We convert the edge list into a NetworkX `DiGraph`, a directed graph (i.e., each edge may only be traversed in the specified direction). 

(In practice, almost all transit networks are undirected; that is, if you can take transit from stop X to stop Y, you can probably also travel from stop Y to stop X. But, formally speaking, this is often not the case, especially for bus transit systems where the stop_id of a northbound stop may differ from that of the southbound stop across the street. By sticking to a directed graph, we handle this possible situation robustly.)

NetworkX includes a great `shortest_path()` function that returns the shortest path between a pair of nodes, or, if origin and destination nodes are left unspecified, returns the shortest path between *all* pairs of nodes in a graph. 

In [14]:
G = nx.DiGraph(edge_list)
paths = nx.shortest_path(G)

In [15]:
# That was too easy! Did it really work? We inspect a relatively complicated path
# (one that would require at least two transfers in the real world).
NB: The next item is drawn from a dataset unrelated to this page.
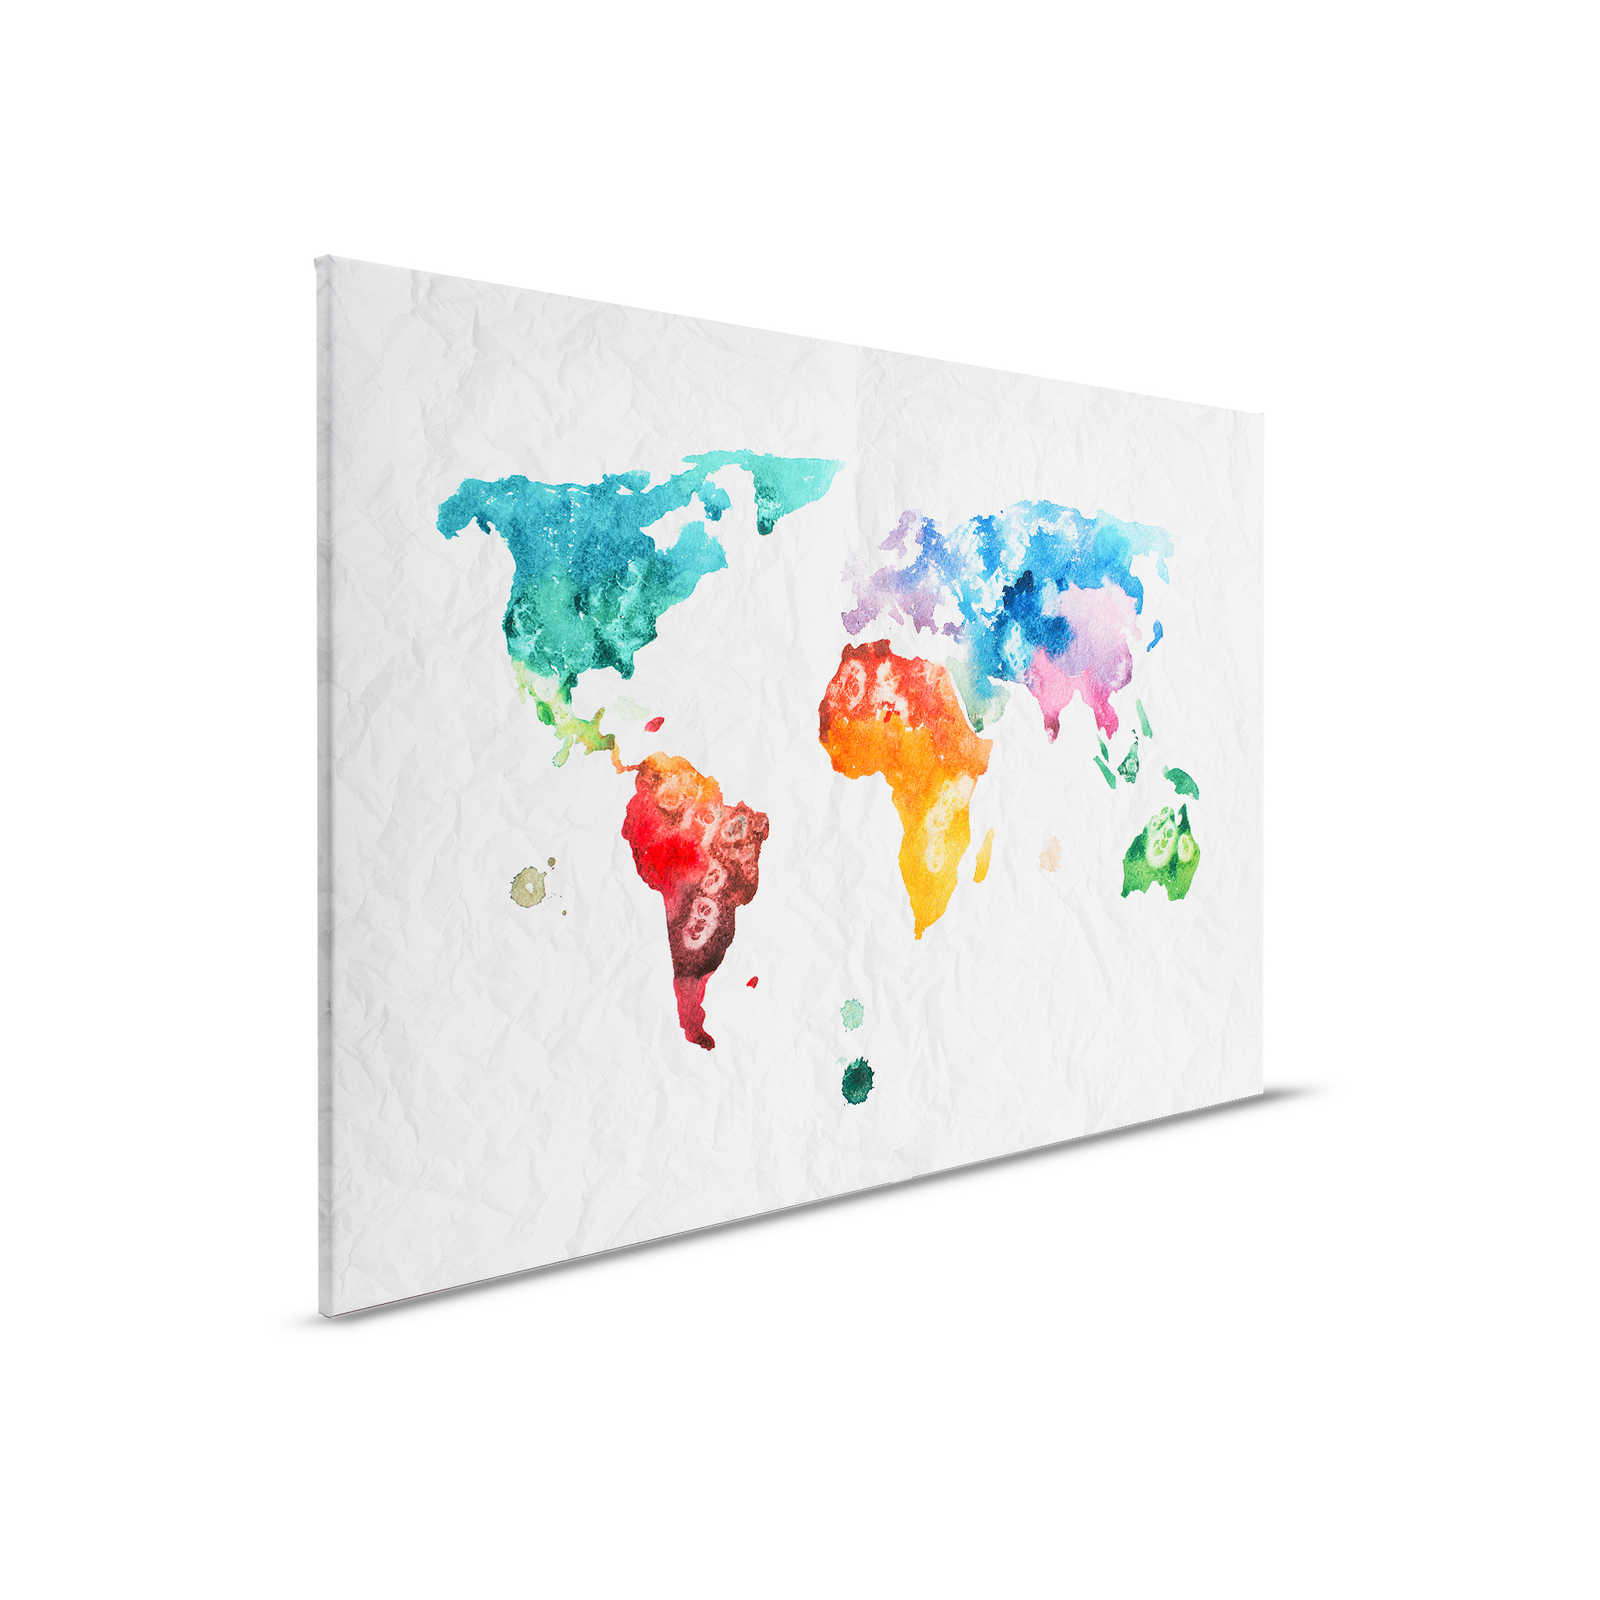 Carte du monde toile aquarelle - 0,90 m x 0,60 m

It works!
paths['OAKL']['ANTC']

['OAKL',
 'COLS',
 'FTVL',
 'LAKE',
 '12TH',
 '19TH',
 'MCAR',
 'ROCK',
 'ORIN',
 'LAFY',
 'WCRK',
 'PHIL',
 'CONC',
 'NCON',
 'PITT',
 'PCTR',
 'ANTC']

## Convert paths into a table of OD pair/edge correspondences

Our task now is similar to before, when we needed to convert lists of nodes corresponding to key trips into a set of from_stop/to_stop pairs. Now we take each o_stop/d_stop pair and associate it with each edge that its shortest path traverses. The result is a DataFrame onto which we can join OD volume data in order to sum up total passenger load on each edge.

In [16]:
rows = []

for o_stop, v in paths.items():
    for d_stop, path in v.items():
        if len(path) > 1: # Skip same-stop OD pairs
            from_stops = pd.Series(path)
            to_stops = from_stops.shift(-1)
            trip_rows = pd.concat([from_stops, to_stops], axis=1).dropna()
            trip_rows['o_stop'] = o_stop
            trip_rows['d_stop'] = d_stop
            rows.append(trip_rows)
        
df = pd.concat(rows)
df.columns = ['from_stop', 'to_stop', 'o_stop', 'd_stop']
# Create an edge_id column that we can use for convenient groupby and join operations
df['edge_id'] = df['from_stop'].astype(str) + '_' + df['to_stop'].astype(str)
df = df[['o_stop', 'd_stop', 'from_stop', 'to_stop', 'edge_id']] # Reorder columns
df

Unnamed: 0,o_stop,d_stop,from_stop,to_stop,edge_id
0,DALY,BALB,DALY,BALB,DALY_BALB
0,DALY,COLM,DALY,COLM,DALY_COLM
0,DALY,GLEN,DALY,BALB,DALY_BALB
1,DALY,GLEN,BALB,GLEN,BALB_GLEN
0,DALY,SSAN,DALY,COLM,DALY_COLM
...,...,...,...,...,...
12,OAKL,MLBR,BALB,DALY,BALB_DALY
13,OAKL,MLBR,DALY,COLM,DALY_COLM
14,OAKL,MLBR,COLM,SSAN,COLM_SSAN
15,OAKL,MLBR,SSAN,SBRN,SSAN_SBRN


In [17]:
# Let's just confirm that this worked correctly (it did)
df[df.o_stop.eq('ASHB') & df.d_stop.eq('OAKL')]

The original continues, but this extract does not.